The press release was on the occasion of International Women’s Day in order to:

“celebrate your heroic political, social, scholarly and economic achievements. We congratulate you, and promise you that all of us, women and men, will work together towards a Libya of equality and fairness for all.”

I haven’t copied out the whole text, but I did like this line at the end:

“May the significance of this special day, become an inspiration for a New and Free Libya.”

Women’s actions can and should be an inspiration not just for women, but for everyone. I like the recognition of this.

It’s great to see this worldliness in the Ulema, and their recognition of the importance of women and the status and respect that they deserve. It gives me some hope for change. It also underlines a point I made in an article earlier this week that the up-front participation by women in the revolutions of the Middle East has forever changed their status.  It’s re-iterated in a piece written by Naomi Wolf on The Middle East Feminist Revolution.

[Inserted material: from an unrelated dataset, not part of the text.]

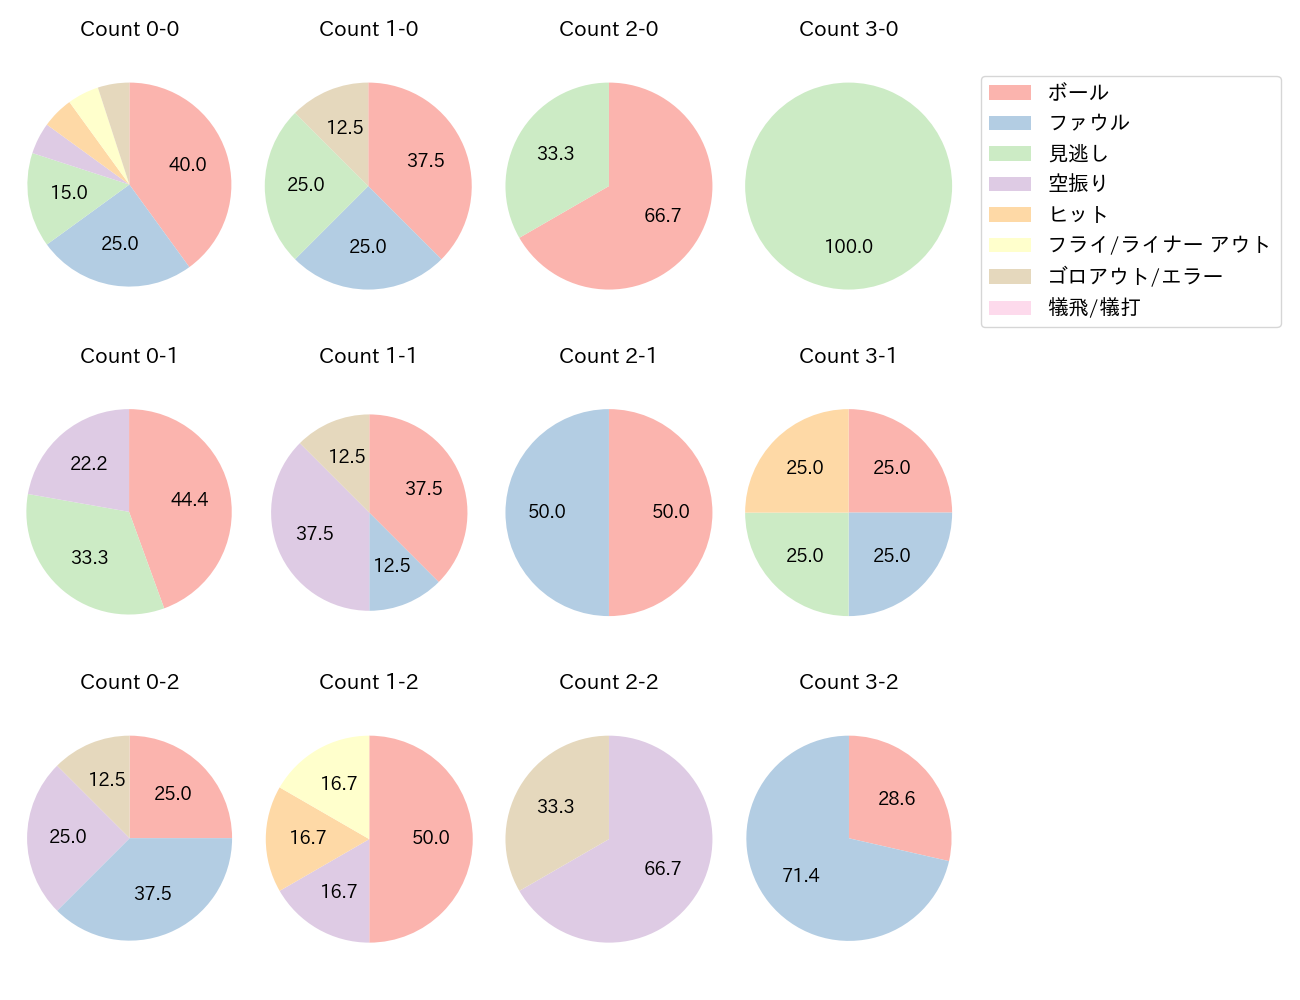 小野寺 暖の球数分布(2021年9月)

Contrast this with a heartbreaking piece in The National yesterday about the prevalence of women in Saudi Arabia who are being forced NOT to marry by their fathers and brothers. The article writes:

Amal Saleh would like to marry and have a family, but she needs her father’s permission. And he won’t give it. A university professor in her mid-thirties, Amal has had numerous suitors asking for her hand, but her father always refuses. “They are not rich, or he doesn’t like their fathers or they are not from the same social group,” she says. Work colleagues who proposed were turned away because they were not from the same tribe. Her brothers support her father, she says, because they fear “that if I had a partner he would share in my money”. For her male relatives, Amal says, “I am like a horse. They don’t treat me as a human being. They treat me as if I belong to them and they should decide what to do with this ‘thing’.” The National is not publishing Amal’s real name because her father threatened to kill her if she sought help outside the family.

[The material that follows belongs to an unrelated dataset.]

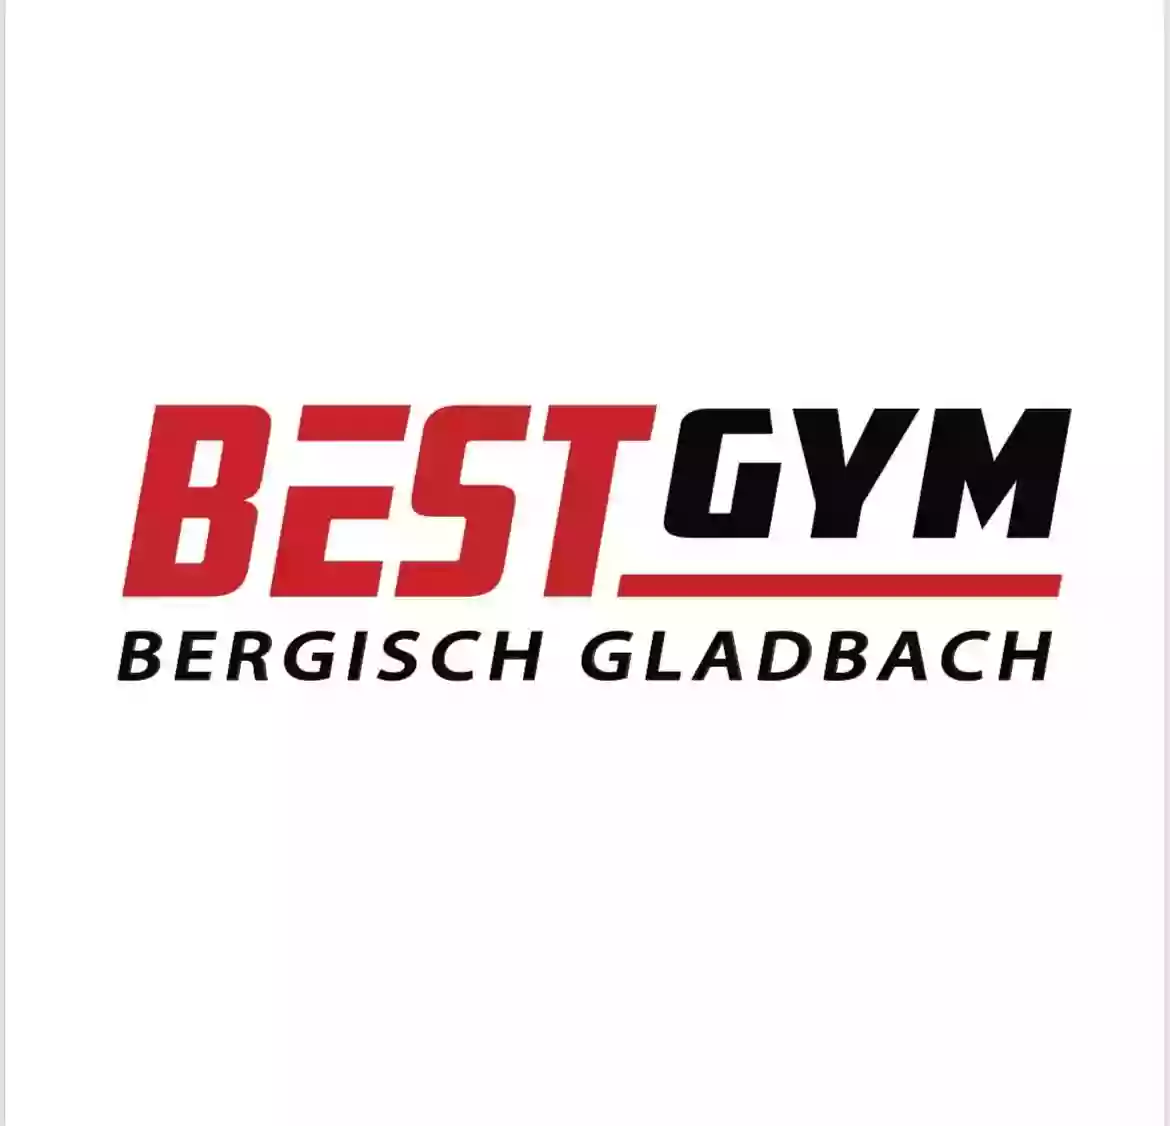 Kampfsportschule Bergisch Gladbach - Best Gym

It seems that a number of reasons lie behind fathers and brothers witholding permission to marry – permission which is required under Saudi Arabia’s guardianship laws for women to marry. The woman’s salary is lost to the family. They are worried that she will take away her share of the inheritance. They don’t like the family of the intended.

Even though such behaviour on the part of the family is against Islamic law – and the country’s chief mufti has stated it to be so, adding that it should bring a penalty of imprisonment, this tribal custom persists. In fact,women who protest against such behaviour are taken to court by their families for ‘disobedience’, and bafflingly the court upholds this.

Amal’s words wrench my guts. She uses a similar analogy to the period of jahiliyyah that I’ve used before. She says:

“Before Islam, they had this practice of killing a girl when she is just a baby [because] they were ashamed of her as they wanted a boy,” Amal had said in the interview. “Now I’m saying that history is being repeated. They kill us when we have emotions and can understand and are aware of our rights. Maybe if they killed me as a child it would be better than now.”

Two corners of the Muslim world, two very different stories. On the one hand there is hope that respect for women and a recognition of their equality and status is now on the horizon. On the other hand, despair that there is still a long way to go.